There was more paper; a bundle of letters tied together. He put them on top of the veil. There was never anything to be gained from observing what humans said to one another—language was just there to hide their thoughts.
And then there was, right at the bottom, a smaller box. He pulled it out and turned it over and over in his hands. Then he unclicked the little latch and lifted the lid.
Clockwork whirred.
The tune wasn’t particularly good. Death had heard all the music that had ever been written, and almost all of it had been better than this tune. It had a plinkety plonkety quality, a tinny little one-two-three rhythm.
In the musical box, over the busily spinning gears, two wooden dancers jerked around in a parody of a waltz.
Death watched them until the clockwork ran down. Then he read the inscription.
It had been a present.
Beside him, the lifetimer poured its grains into the bottom bulb. He ignored it.
When the clockwork ran down, he wound it up again. Two figures, spinning through time. And when the music stopped, all you needed was to turn the key.
When it ran down again, he sat in the silence and the dark, and reached a decision.
There were only seconds left.

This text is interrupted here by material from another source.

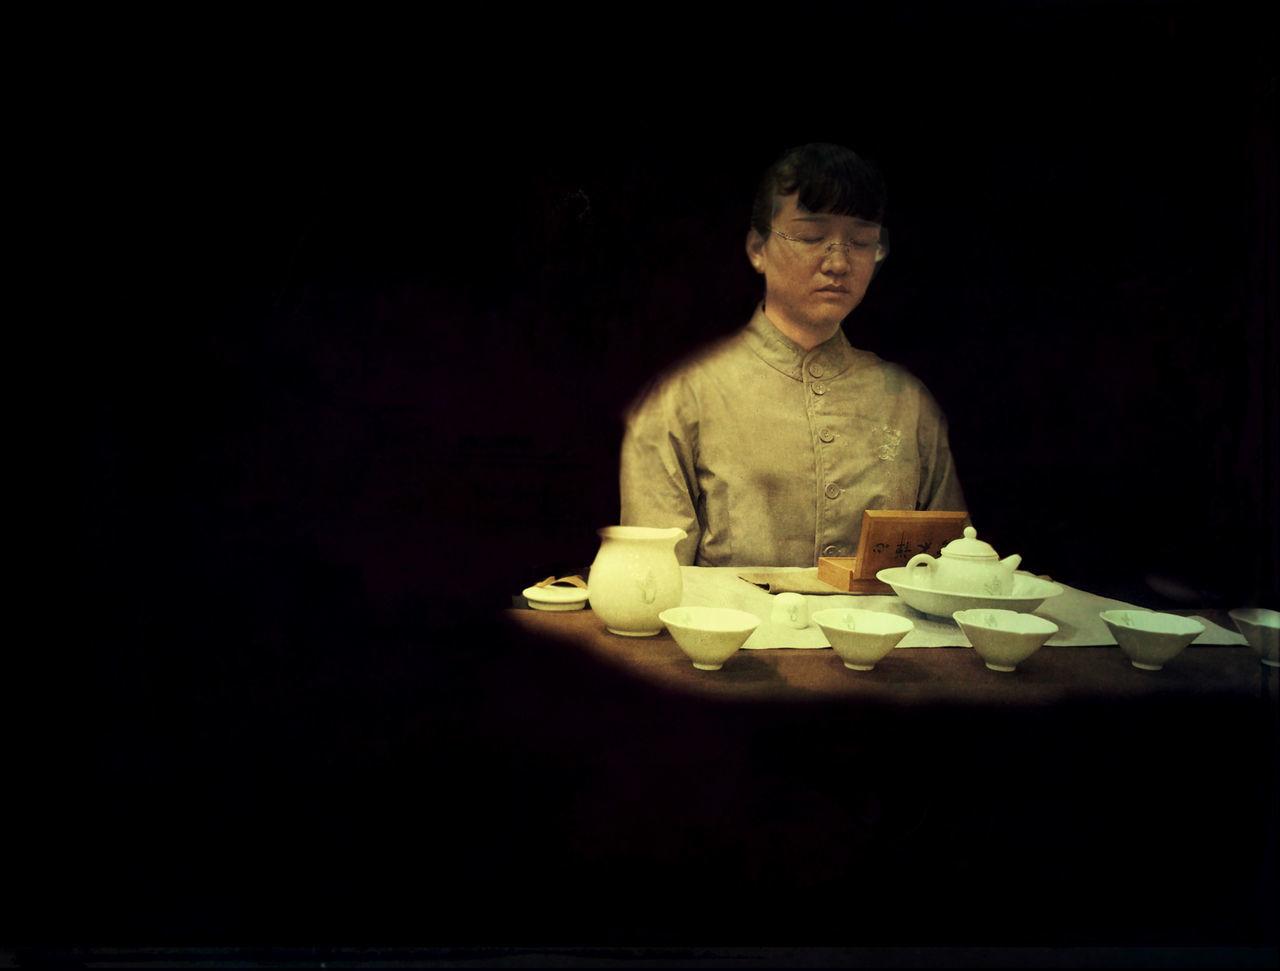 Sitzen in tiefer Sammlung Black Background Cap Of Tea Meditation Place One Person People Studio Shot Table Tea Ceremony

Seconds had meant a lot to Bill Door, because he’d had a limited supply. They meant nothing at all to Death, who’d never had any.
He left the sleeping house, mounted up, and rode away.
The journey took an instant that would have taken mere light three hundred million years, but Death travels inside that space where Time has no meaning. Light thinks it travels faster than anything but it is wrong. No matter how fast light travels it finds the darkness has always got there first, and is waiting for it.
There was company on the ride—galaxies, stars, ribbons of shining matter, streaming and eventually spiraling toward the distant goal.
Death on his pale horse moved down the darkness like a bubble on a river.
And every river flows somewhere.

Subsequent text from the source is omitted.